Da dove arriva quest’idea così semplice che mente e corpo sono causalmente connessi? In che modo ho provato a praticare sistemicamente anche incontrando aspettative imbevute di finalità cosciente? Le attese, le domande e le storie del sig. Claudio e del sig. Remo mi hanno permesso di interrogarmi e riflettere se, e in quale modo, io sia riuscita a rinunciare a “ogni fantasia di cura, guarigione, crescita, miglioramento del sé, consapevolezza […] alle interpretazioni, alla salute mentale pensata a priori” (Telfener, 2012) e in questi specifici casi alla salute pensata a priori e alla differenza tra cura e prendersi cura.
Le riflessioni delle relazioni tra persona e ambiente sono presenti dagli albori dell’umanità, nella filosofia antica il rapporto mente-corpo pone le basi della posizione dualistica, ma è con Cartesio che il pensiero occidentale fonda un principio di separazione tra mente e corpo. Anche se Cartesio descrive che la distinzione tra res cogitans e res extensa vada intesa come una mutua interdipendenza tra mente e corpo, “la natura mi insegna pure che io non sono meramente presente al mio corpo come un nocchiero lo è al suo vascello, bensì gli sono congiunto quanto mai strettamente e (per così dire) mescolato, in modo da comporre un’unità con esso” (Gritti, 2019), sembra divenire fondante delle concezioni sull’organismo umano il suo pensiero di separazione tra spirito e materia, tra reale, ciò che è misurabile, e irreale. “Descartes era determinato a non considerare vero alcunché, prima di aver stabilito le prove per accertarlo come tale” (Lock & Scheper-Hughers, 2006) con l’unica certezza dell’essenza pensante.

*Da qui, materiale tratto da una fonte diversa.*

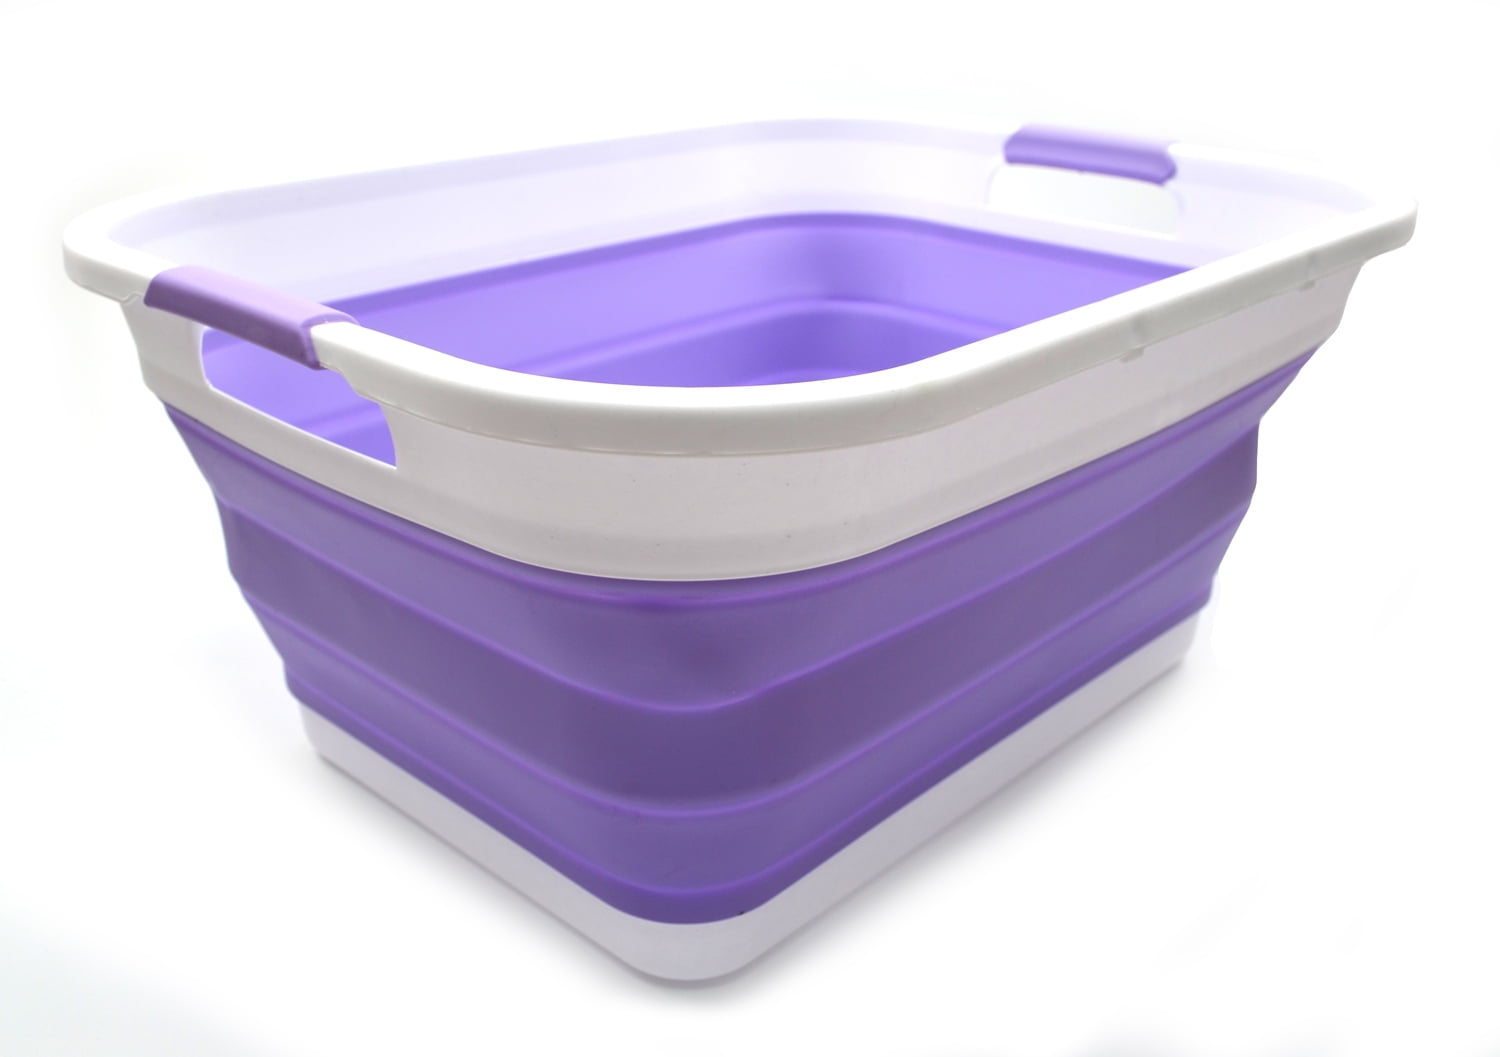 Portable Washing Tub Space Saving Hamper/Basket for Camping Caravan Outdoor Activities Kitchen Ingeniously Collapsible Plastic Laundry Basket Foldable Pop Up Storage Container/Organizer

La mente razionale viene separata dalla natura, diviene l’elemento che permette un rigoroso esame oggettivo della natura stessa presupposto delle scienze naturali e sociali occidentali per secoli.
La ricerca del “reale” e della “verità” diventano confini entro cui si sviluppa l’epistemologia occidentale, strutturando un susseguirsi di separazioni dicotomiche su corpo, mente, natura, cultura, società basandosi sul principio della causalità lineare, “in un nucleo di verità fondanti su cui basare scelte e decisioni” (Ceruti, 2018). Forse anche a partire da ciò che ritroviamo un’abitudine a pensare che se un evento non sta andando nella direzione desiderata, se sopraggiunge un problema o una difficoltà, quando le cose della vita non funzionano come “dovrebbero”, allora si ricerca una causa o le cause per comprendere e agire di conseguenza alla ricerca delle soluzioni idonee. Una lunga catena di cause ed effetti, ordinatamente collegati, diviene un riferimento secondo cui “ogni problema, per quanto ampio, poteva quindi venir frammentato in problemi minori che venivano a loro volta venir analizzati e risolti razionalmente, uno alla volta” (Bert, Quadrino, 2002). Questo principio nel tempo diviene anche motore del progresso scientifico che parcellizza, osserva, annota, spiega e descrive particolari che, con il supporto tecnologico divengono sempre più infinitesimali. Sostiene ancora Ceruti che nella scienza emerse “l’ideale di oggettività razionale, espressione di un osservatore esterno e disincarnato”, con il paradosso che, con il progredire della conoscenza tecnico scientifica, ci si allontana maggiormente da una visione complessiva e interconnessa dei sistemi viventi nei contesti.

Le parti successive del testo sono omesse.